This kit provides a rapid test for the qualitative detection of Hepatitis B surface antigen (HBsAg) in human whole blood (WB), serum (S) or plasma (P). The test is intended for home use. TEST PRINCIPLE Our HBV HBsAg Combo (WB/S/P) test cassette comprises 1) a pink colored conjugate pad containing anti-Tp antibodies conjugated with colloid gold (Tp conjugated) and rabbit lgG-gold, 2) a nitrocellulose membrane strip containing test and control bands. The T band is coated with non- conjugated Tp antibodies whereas the C band is coated with goat anti-rabbit lgG. The sample is dispensed into the test cassette sample well and migrates by capillary action. If the virus is present in the sample it will move across the conjugated pad under capillary action. The immune-complex is then captured on the membrane, forming a pink rose-colored T band, indicating a positive test result. If the T band does not form, the test is negative. The test contains an internal control (C band) that develops a pink rose-colored band if the test is functioning properly. If no C band forms, the test result is invalid and the specimen must be re-tested with another kit. REAGENTS AND MATERIALS PROVIDED 1. Test devices are individually sealed in a foil pouch with a cassette, a dropper, and a package of desiccant 2. One package insert 3. One fingertip pinprick blood lancet and alcohol swab 4. One bottle of buffer 5. These test Instructions Instructions: 1. Once removed from the foil pouch, the test device should be allowed to reach room temperature and used as soon as possible, but within one hour of opening. 2. Place the test device on a clean and level surface.

3. Use the lancet provided to prick the thumb and obtain a blood sample.
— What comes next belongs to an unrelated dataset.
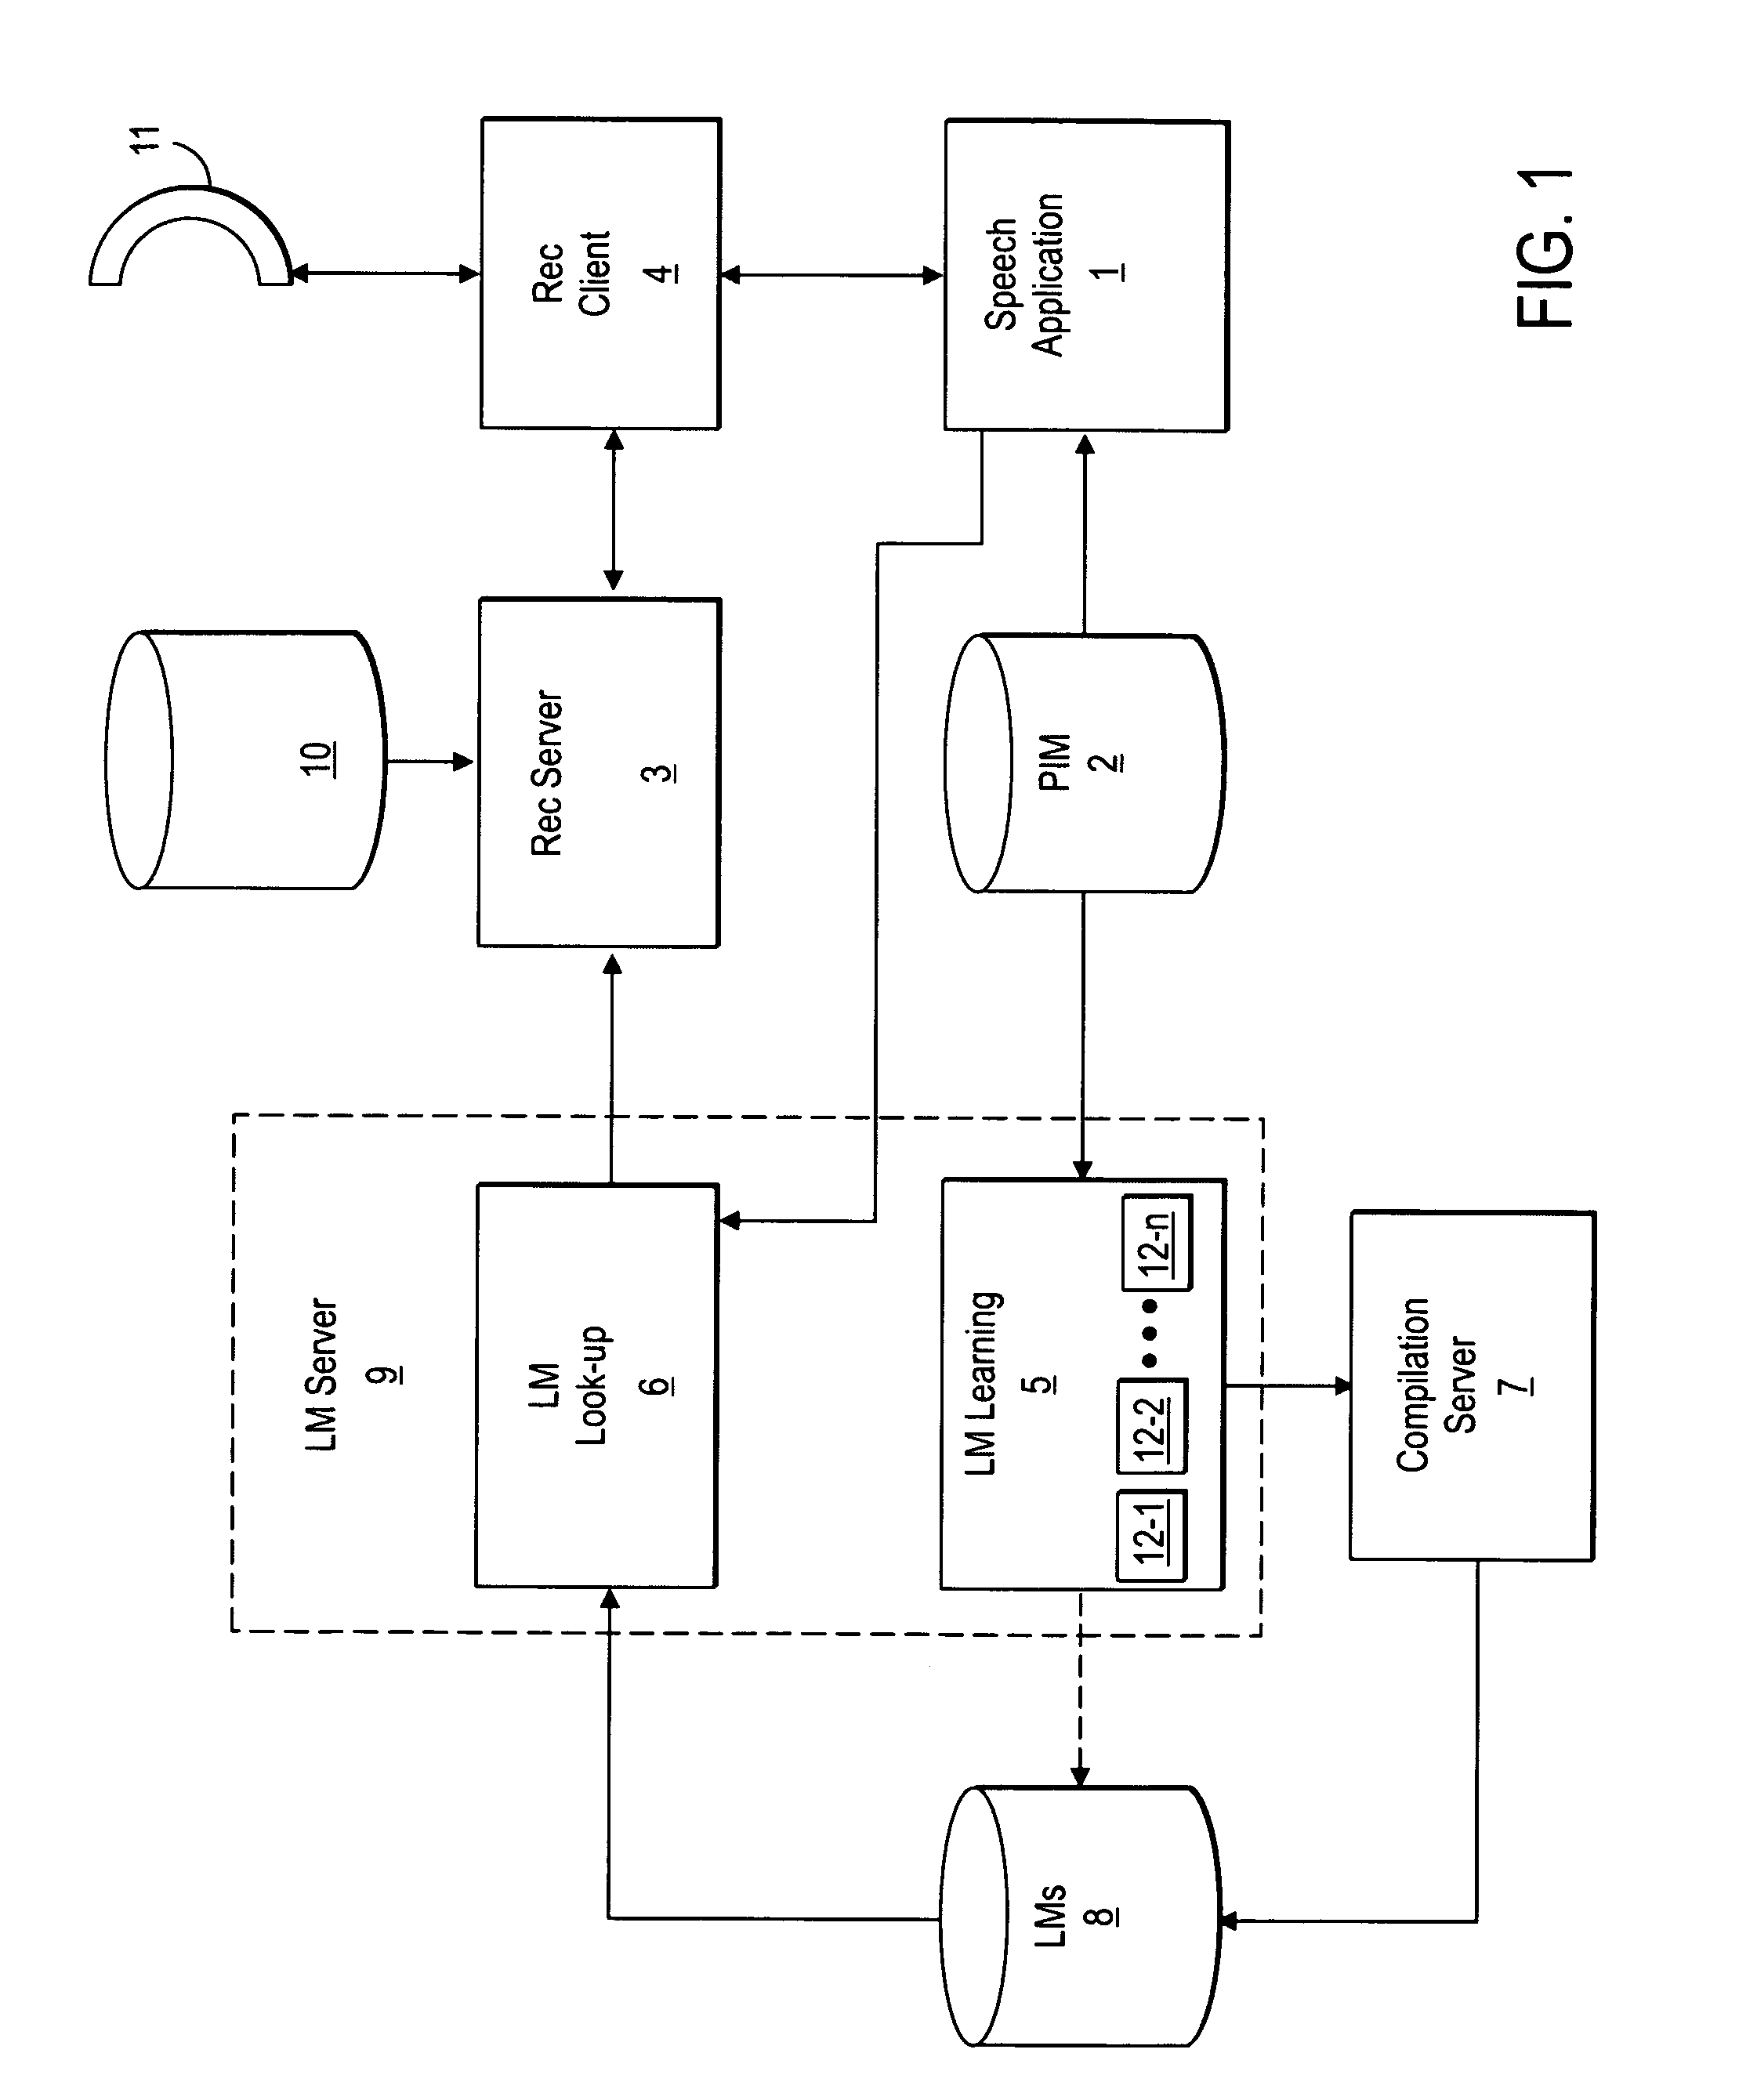 Method and apparatus for improving human-machine dialogs using language models learned automatically from personalized data

Using the dropper provided, suck the blood sample obtained into the dropper tube up to the marked line. 4. Hold the dropper vertically and transfer 2-3 drops (approximately 60-90 mm3) of blood into the S well of the cassette and immediately add 1-2 drops of the specimen buffer into the S well too. 5. Depending on the blood concentration of HbsAg, positive result may be observed in as little as 60 seconds. The result should be read at 10 minutes, but must not be read if more than 20 minutes has elapsed since testing

TEST LIMITATIONS 1. Our HBsAg (WB/P/S) Rapid Test is limited to the qualitative detection of HBsAg in whole human blood, serum or plasma 2. Failure to follow the assay procedure or test result interpretation correctly may give inaccurate results. 3. As with all diagnostic tests results must be interpreted together with other clinical information available to the physician 4. A false negative result can occur if the quantity of the antibodies to hepatitis B virus (HBV) present in the specimen is below the detection limit of the assay or the antibodies that are detected are not present during the stage of disease in which a sample is collected 5. A negative result of an individual subject indicates absence of detectable antibodies to HBV at the time of testing, but does not completely preclude the possibility of infection with HBV. INTENDED USE Our HBsAg Rapid Test detects HBsAg antibodies to Hepatitis B in human blood, serum or plasma. Any positive results identified with this technique must be confirmed using alternative method(s).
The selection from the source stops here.